X
Home & Office

Wireless@SG goes places with new engine

update Singapore's wireless broadband network now supports location-aware apps and services through new Centralised Location-based Engine.
Written by Victoria Ho, Contributor

update SINGAPORE--The country's government-funded free Wi-Fi service, Wireless@SG, has opened a location-based engine to allow developers to build location-aware apps and services over the network.

At a press briefing here Thursday, the Infocomm Development Authority of Singapore (IDA) demonstrated the new Centralised Location-based Engine (CLBE), aimed at enabling a slew of new services such as advertising, friend-finding and searching for nearby retail outlets.

This is made available today through a new process it calls Seamless and Secure Access (SSA), where users need to download an authentication application from the IDA to get connected to hotspots marked "Wireless@SGx". This differentiates the hotspots from the traditional Wireless@SG hotspots, which require users to go to a Webpage in order to sign in.

Wireless@SGx hotspots will allow automatic logins through mobile devices and PCs, and also link user profiles to the CLBE. This allows location-aware apps and services that can call up the CLBE database to push alerts and advertisements to users.

Users will not be able to opt out from receiving these ads but can choose to continue using the traditional Wireless@SG hotspots for connectivity, without the additional apps and services, according to operators present at the briefing.

iCell Network CEO Ken Chua said the company has been able to upkeep a profitable service through advertising, and is looking to the new platform to increase advertising revenues as well as additional revenues from services provided atop Wireless@SG.

For example, Chua said, Wireless@SG may take a cut from a cashless transaction or taxi booking through the SSA.

Developers wanted for location-based apps
Alex Tan, product development head at MobileOne (M1) Connect, said Wireless@SG operators are looking to court developers to build third-party apps for their individual dashboards.

The network's three operators--iCell Network, M1 and SingTel--offer their own versions of the SSA installer, which will come with app dashboards carrying app selections unique to each operator.

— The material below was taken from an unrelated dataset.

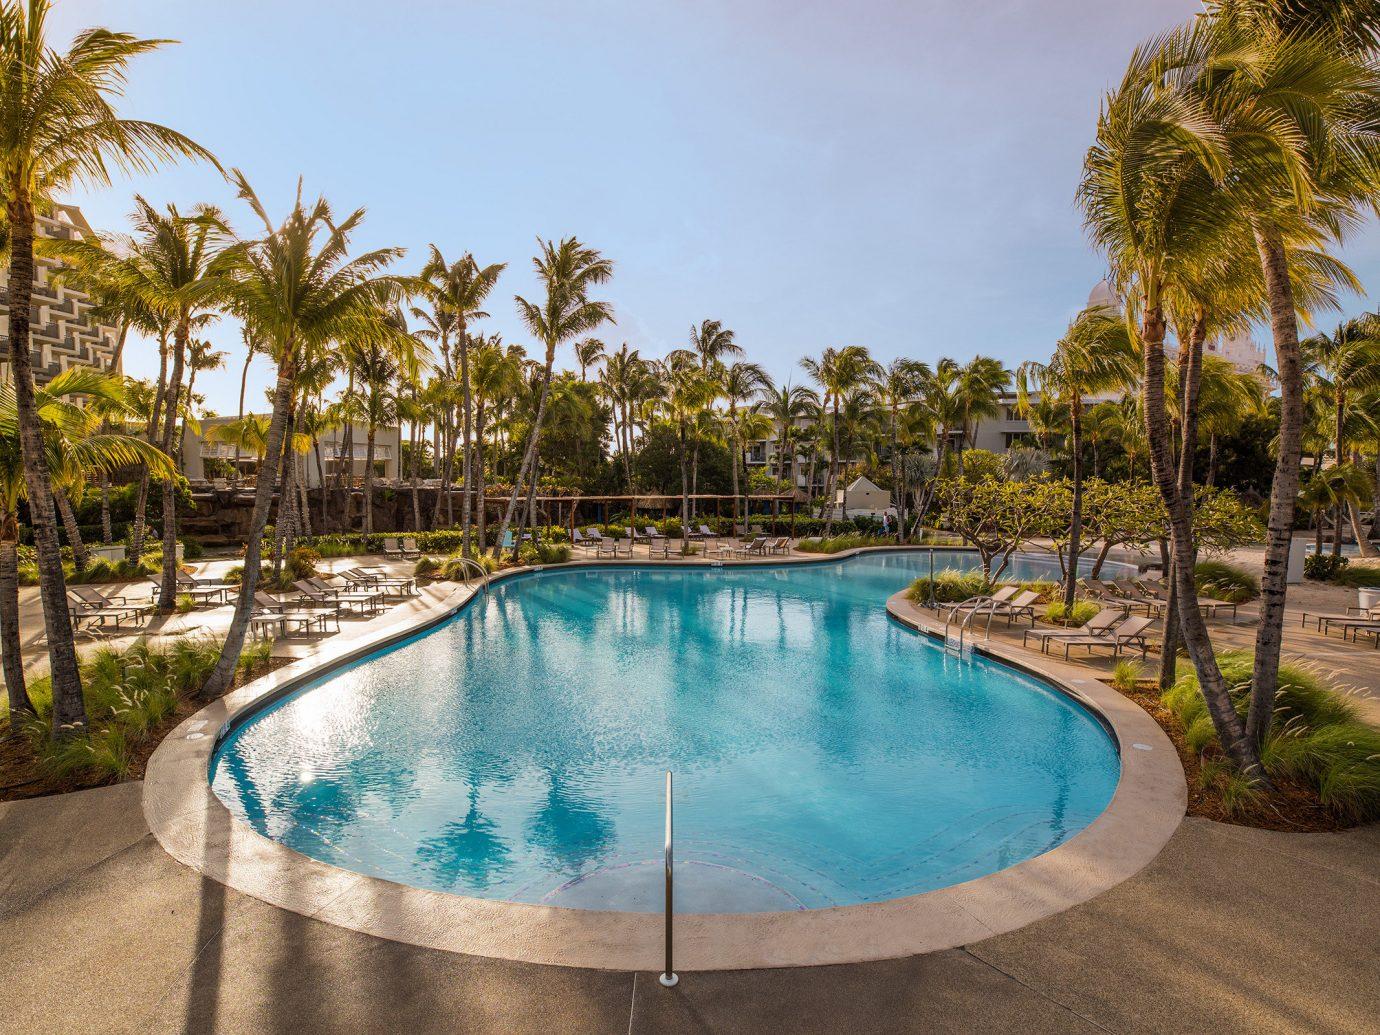 Aruba caribbean Hotels tree outdoor sky palm Pool swimming pool property leisure Resort estate vacation Villa real estate backyard Lagoon arecales lined
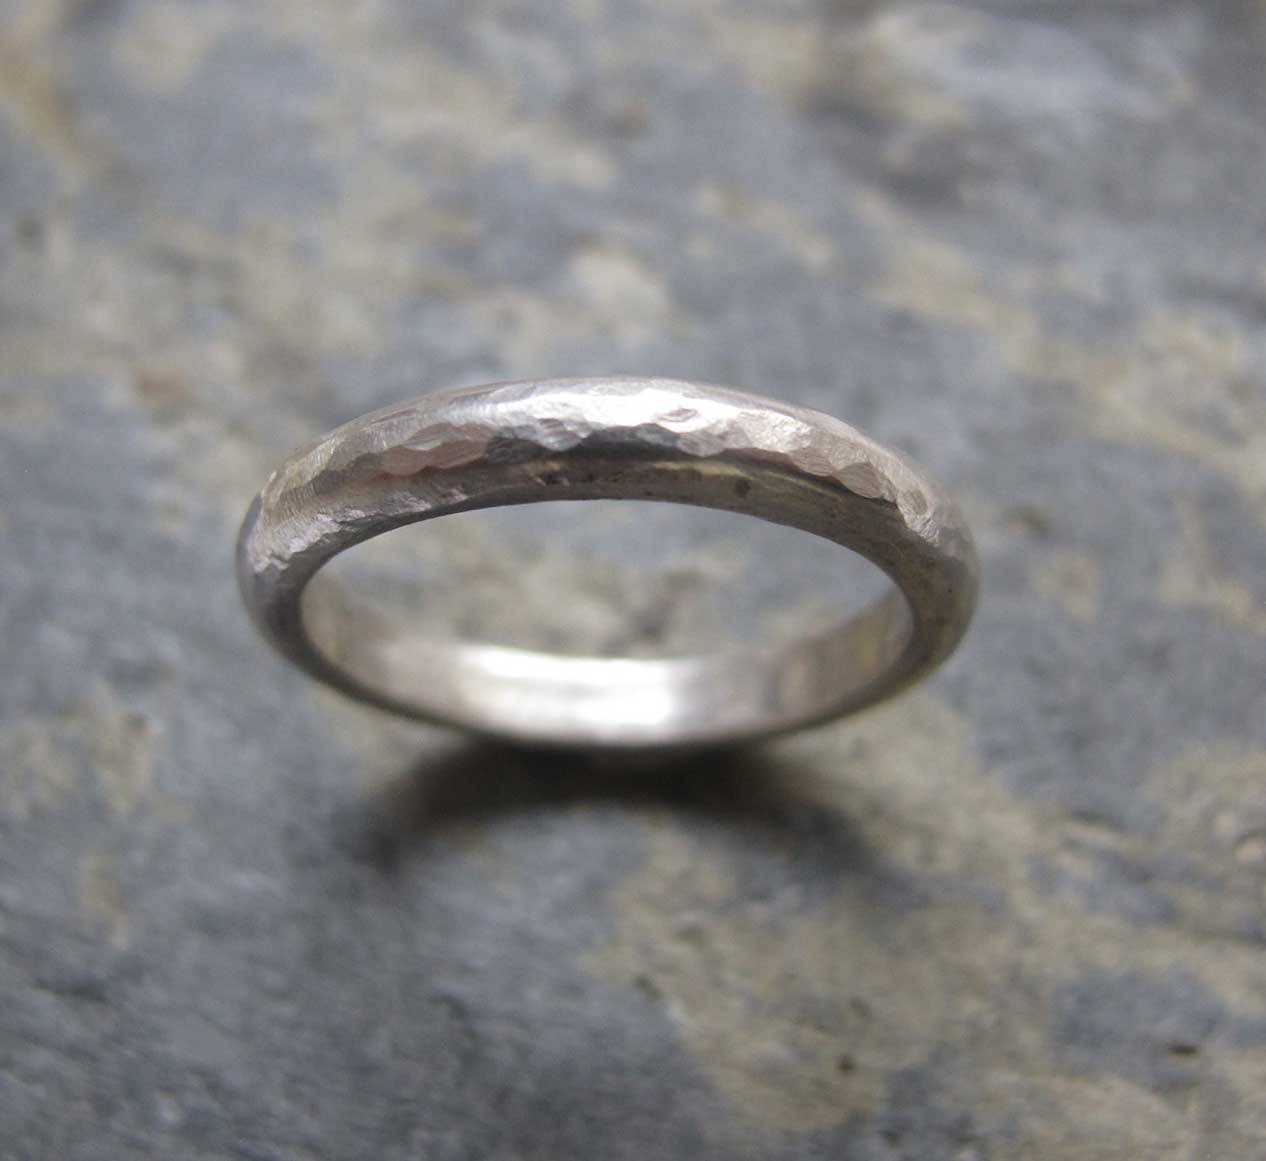 Men's Handmade Wedding Band Rings – London | London's Artist Quarter Within Mens Handmade Wedding Bands (View 14 of 15)

Users are allowed to use any of the three dashboards--or all of them, if they so choose.

As a result, Tan said the operators are looking to attract developers in order to differentiate their service offerings.

M1 has also been tasked to host and manage the CLBE, which it will make available to developers via APIs (application programming interfaces). According to M1's Web site, interested parties should apply to M1 and will be charged S$200 (US$141) per month for access to the CLBE.

Tan said the mobile operator is anticipating heavy usage to the tune of "hundreds of thousands" of API calls to the CLBE database, and has made the necessary capacity provisions on the backend.

He added that developer-submitted apps will first be screened by operators, before they go through a final approval process with the IDA, for inclusion in the app dashboards.

iCell's Chua said the operator receives 10,000 new sign-ups every month, with approximately 50 percent of users accessing its network through mobile devices.

Wireless@SG's speeds were upgraded from 512Kpbs to 1Mbps in September last year. In addition, the IDA last June committed S$9 million (US$6.3 million) in the wireless network over four years, pledging to provide the wireless broadband service for free until March 2013.